Unnamed: 0,STATION,NAME,DATE,PRCP,TMAX,TMIN
0,USW00094075,"BOULDER 14 W, CO US",2017-07-01,0.0,68.0,31.0
1,USW00094075,"BOULDER 14 W, CO US",2017-07-02,0.0,73.0,35.0
2,USW00094075,"BOULDER 14 W, CO US",2017-07-03,0.0,68.0,46.0
3,USW00094075,"BOULDER 14 W, CO US",2017-07-04,0.05,68.0,43.0
4,USW00094075,"BOULDER 14 W, CO US",2017-07-05,0.01,73.0,40.0
5,USW00094075,"BOULDER 14 W, CO US",2017-07-06,0.0,76.0,48.0
6,USW00094075,"BOULDER 14 W, CO US",2017-07-07,0.02,74.0,43.0
7,USW00094075,"BOULDER 14 W, CO US",2017-07-08,0.0,65.0,44.0
8,USW00094075,"BOULDER 14 W, CO US",2017-07-09,0.01,73.0,39.0
9,USW00094075,"BOULDER 14 W, CO US",2017-07-10,0.01,75.0,44.0


Each row in the DataFrame refers to a particular weather station / date combination.  The columns of the DataFrame are as follows: 

- **STATION**: The unique identification code for each weather station 
- **NAME**: The location / name of the weather station 
- **DATE**: The date of the observation 
- **PRCP**: The precipitation (in inches)
- **TMAX**: The daily maximum temperature (in Fahrenheit)
- **TMIN**: The daily minimum temperature (in Fahrenheit)
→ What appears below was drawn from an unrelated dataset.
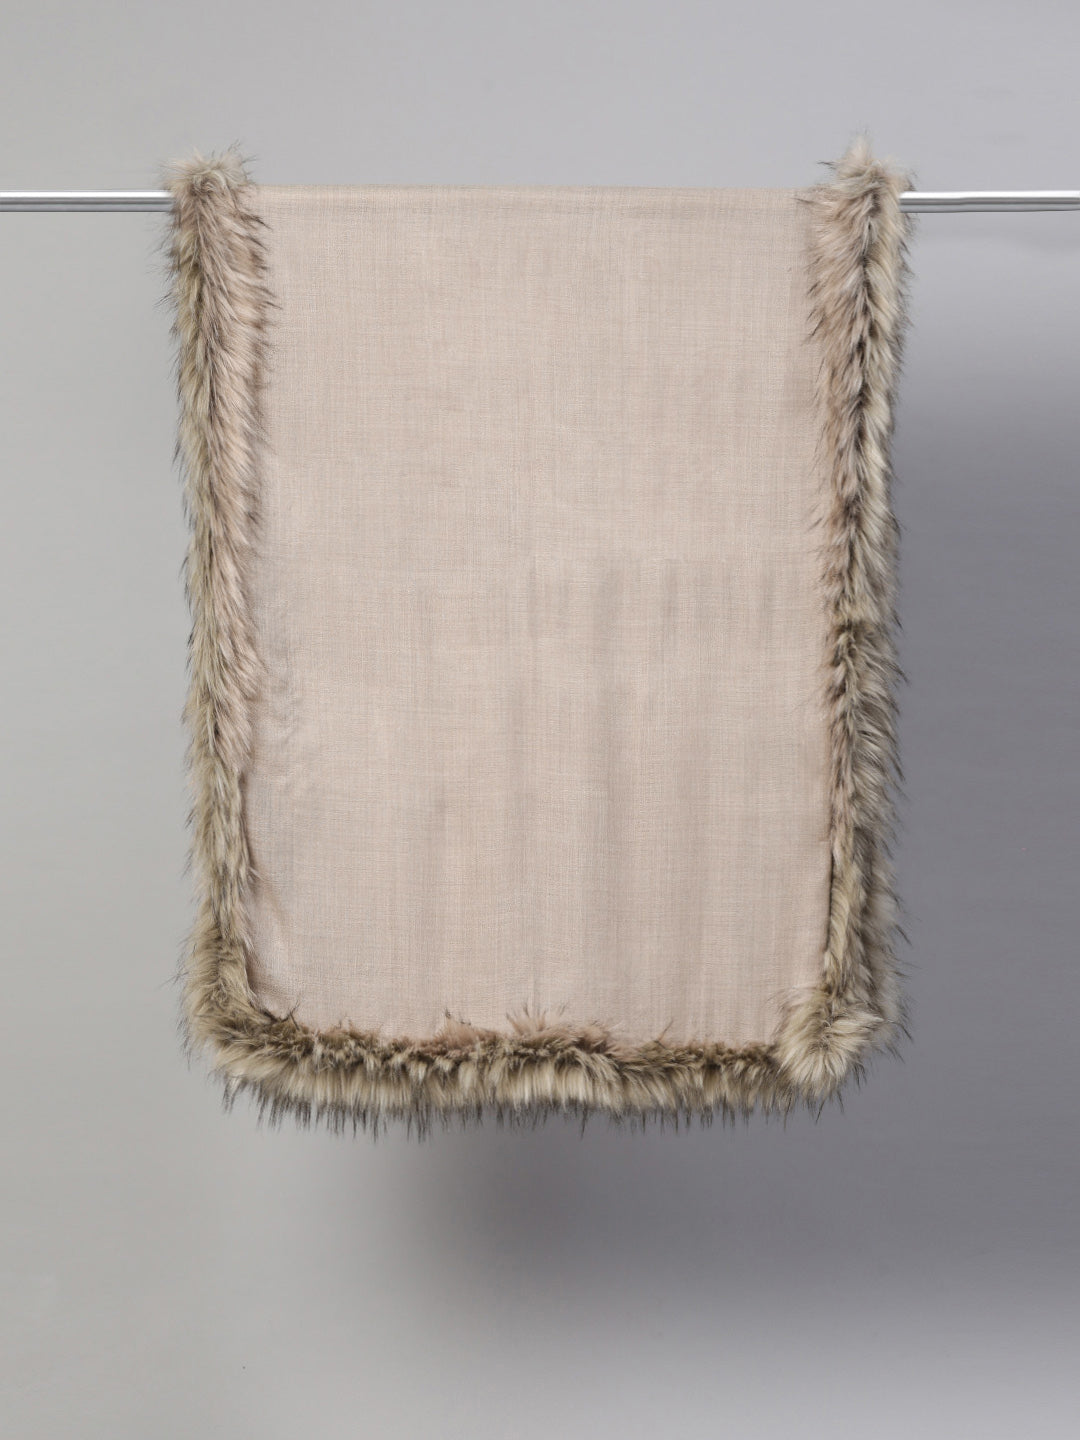 Wool shawl with fur, fur shawl online

To observe how many weather stations we have, we can pass the **NAME** column (or the **STATION** column) into Python's set function. 

In [46]:
set(df["NAME"])

{'BOULDER 14 W, CO US',
 'BOULDER, CO US',
 'GROSS RESERVOIR, CO US',
 'NIWOT, CO US',
 'NORTHGLENN, CO US',
 'RALSTON RESERVOIR, CO US',
 'SUGARLOAF COLORADO, CO US'}

It appears that we have data from seven different weather stations.  For consistency, let's reduce the data to just the reports from the weather station in `Northglenn`.  

We extract the rows of the DataFrame concerned with the Northglenn weather station and store this data in a new DataFrame called `dfNorthglenn`. 

In [47]:
dfNorthglenn = df.loc[df['NAME'].eq('NORTHGLENN, CO US')]
dfNorthglenn.head()


Unnamed: 0,STATION,NAME,DATE,PRCP,TMAX,TMIN
184,USC00055984,"NORTHGLENN, CO US",2017-07-01,0.0,74.0,51.0
185,USC00055984,"NORTHGLENN, CO US",2017-07-02,0.0,91.0,55.0
186,USC00055984,"NORTHGLENN, CO US",2017-07-03,0.0,91.0,57.0
187,USC00055984,"NORTHGLENN, CO US",2017-07-04,0.0,91.0,56.0
188,USC00055984,"NORTHGLENN, CO US",2017-07-05,0.0,96.0,56.0


Pandas (and Numpy) have canned functions that compute each of the summary statistics. All of these functions can be called either on a Pandas Series (i.e. a column of a DataFrame) or on an entire DataFrame at one time.  

For instance, the sample mean of the maximum daily temperature is given by: 

In [48]:
dfNorthglenn["TMAX"].mean()

92.33333333333333

Let us observe what happens if we call .mean( ) on the entire DataFrame. 

In [49]:
# Using this code below, it will select only the numerical values within the data frame 
dfNorthglenn = dfNorthglenn.select_dtypes(include='number')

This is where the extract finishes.